For those users that were classified as having changed residence, we construct a time-window in which the move might have occurred. For ResIn the estimated moving date is 30 days before they were identified as last being in their former and 30 days after they last entered the new country, recognizing that users may travel back and forth for some time. For the modal algorithm the estimated range was within the 120 day range where a move was estimated to occur.

Verification—manual coding of user accounts

Process

In the final step we set out to verify whether or not the two approaches in fact did identify migration (changes in residence). To do that we hired a team of undergraduate students and trained them to verify whether the changes in location identified by the algorithms migration actually represent instances of migration or not. Wherever possible coders were asked to review the entire tweeting history of the accounts paying special attention to the time-frame where the migration should have occurred according to the classification by the algorithms. In a few cases where users were tweeting extremely frequently we reviewed only parts of the twitter history. The coding was done retro-actively—during the academic year 2018-2019.

Initially we double coded each profile and switched to single-coding accounts once we had established high inter-coder reliability (more than 90 percent of codes identical). We covered a number of languages including French, English, Spanish, Italian, Turkish, Arabic, Japanese, and Portuguese leaving us with only 6 accounts we could not code for language reasons. We coded a total of 164 unique accounts in this fashion.

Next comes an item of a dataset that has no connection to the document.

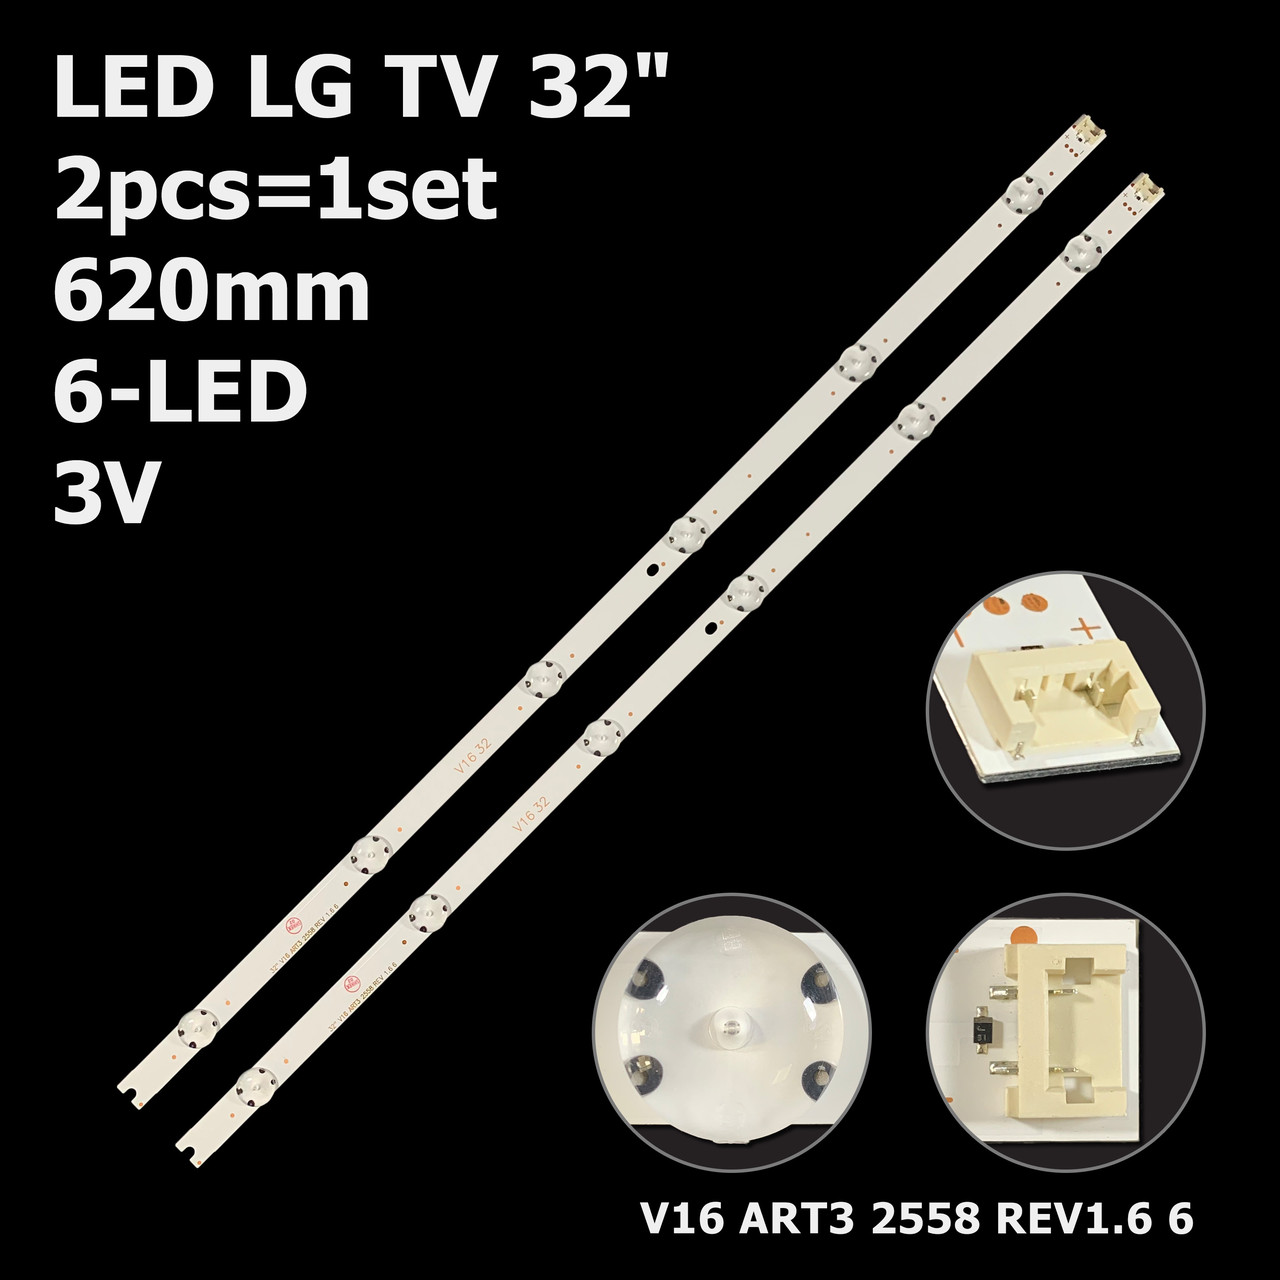 LED підсвітка LG TV 32" V16 ART3 2558 REV1.6 6 6916L-2558A AGF79046601 32LW340C-ZA 2шт., фото 1

Since both algorithms identified a good share of individuals as moving several times and make these assignments (including the time-window of the move) slightly differently this corresponds to a total 431 putative changes in residence.

For a subset of 48 accounts coders were also asked examine the tweets in detail and to give their best assessment of the type of mobility, if any, based on a close reading Twitter timeline. We distinguish vacation/leisure travel and work business trips from migration. A fourth category captures those where coders could not find any evidence for mobility in the tweet history. In addition, we coded accounts that were private and tweeters that were too prolific as to assess the tweeting history with reasonable effort. In addition we also asked the coders to provide a brief characterization of the account user drawing on their reading of the tweet history as well as the account profile.

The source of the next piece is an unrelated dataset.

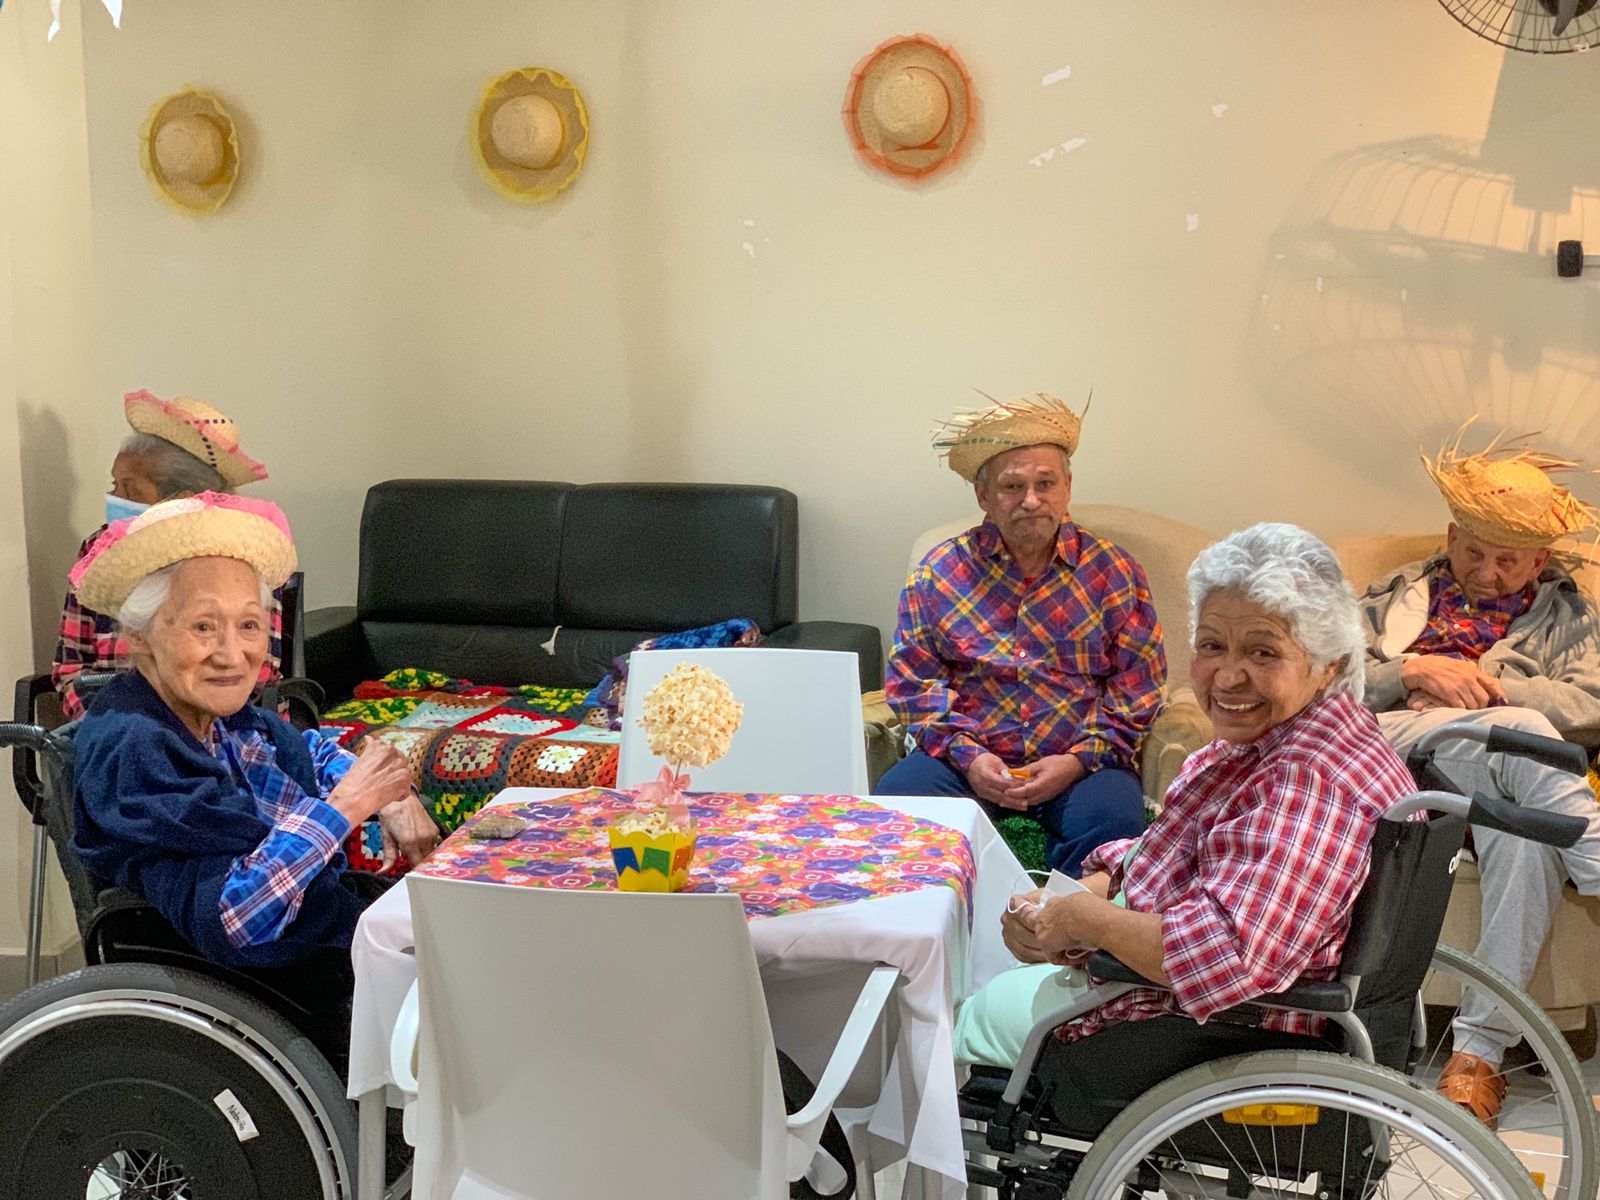 Na imagem aparecem quatro idosos sentados em uma mesa, vestidos de xadrez.

Our annotation procedure involved considerable time and effort into reading and coding the Twitter activity of each account, and care was take to establish high agreement. Nevertheless, determining whether or not a Twitter user migrated based on a tweet timeline inevitably involves judgement calls. However, as we show, the results of this hand-coding exercise are clear enough that we are confident that the substantive conclusions we draw are robust.

Findings

In all these accounts we found a total of seven individuals who our coders classified as possibly having relocated permanently. Whether or not students who spend a semester abroad should be counted as migration is debatable, but especially longer term exchanges or years abroad would fit the definition of residence change both the ResIn and the Modal Tweet approach were designed to detect. To address this we provide a second definition that includes student exchange as migration. As summarized in Table 1, this corresponds to a correct classification rate between 14% including students and 6% when only taking those accounts where we did find signs of permanent migration. The rates are remarkably consistent across both approaches. In sum, the large majority of mobility that is detected by these methods is almost certainly not migration.

Table 1 Percent of accounts and instances of mobility identified as migration by coders by approach
Table 2 Detailed coding of type of mobility for 48 accounts identified as migrants by Modal Tweet and ResIn approach

Of the randomly selected set of just under 50 accounts we coded in more detail, we could determine the type of mobility for about two thirds of the Modal Tweet classified accounts and for about half of the ResIn accounts. For 15 accounts we could not make a determination as either tweets were deleted, private, or there were too many tweets to read through the timeline with reasonable effort. These not-coded accounts correspond to 21% and 16% of the identified moves for the Modal tweet and ResIn accounts respectively. For another 12% of the Modal tweet and 31% of the ResIn identified moves our coders could not see any sign of mobility in the tweet timeline. Due to the small sample size in this step one should not over-interpret these differences but one reason might be that the time-window that the ResIn algorithm identifies for the move is narrower than the time-window we can derive from the modal tweet algorithm. While we cannot pin down the type of mobility we observe in these time windows we are fairly certain that it is not migration or even long-term student exchanges but rather short term trips that left little trace on the Twitter timeline.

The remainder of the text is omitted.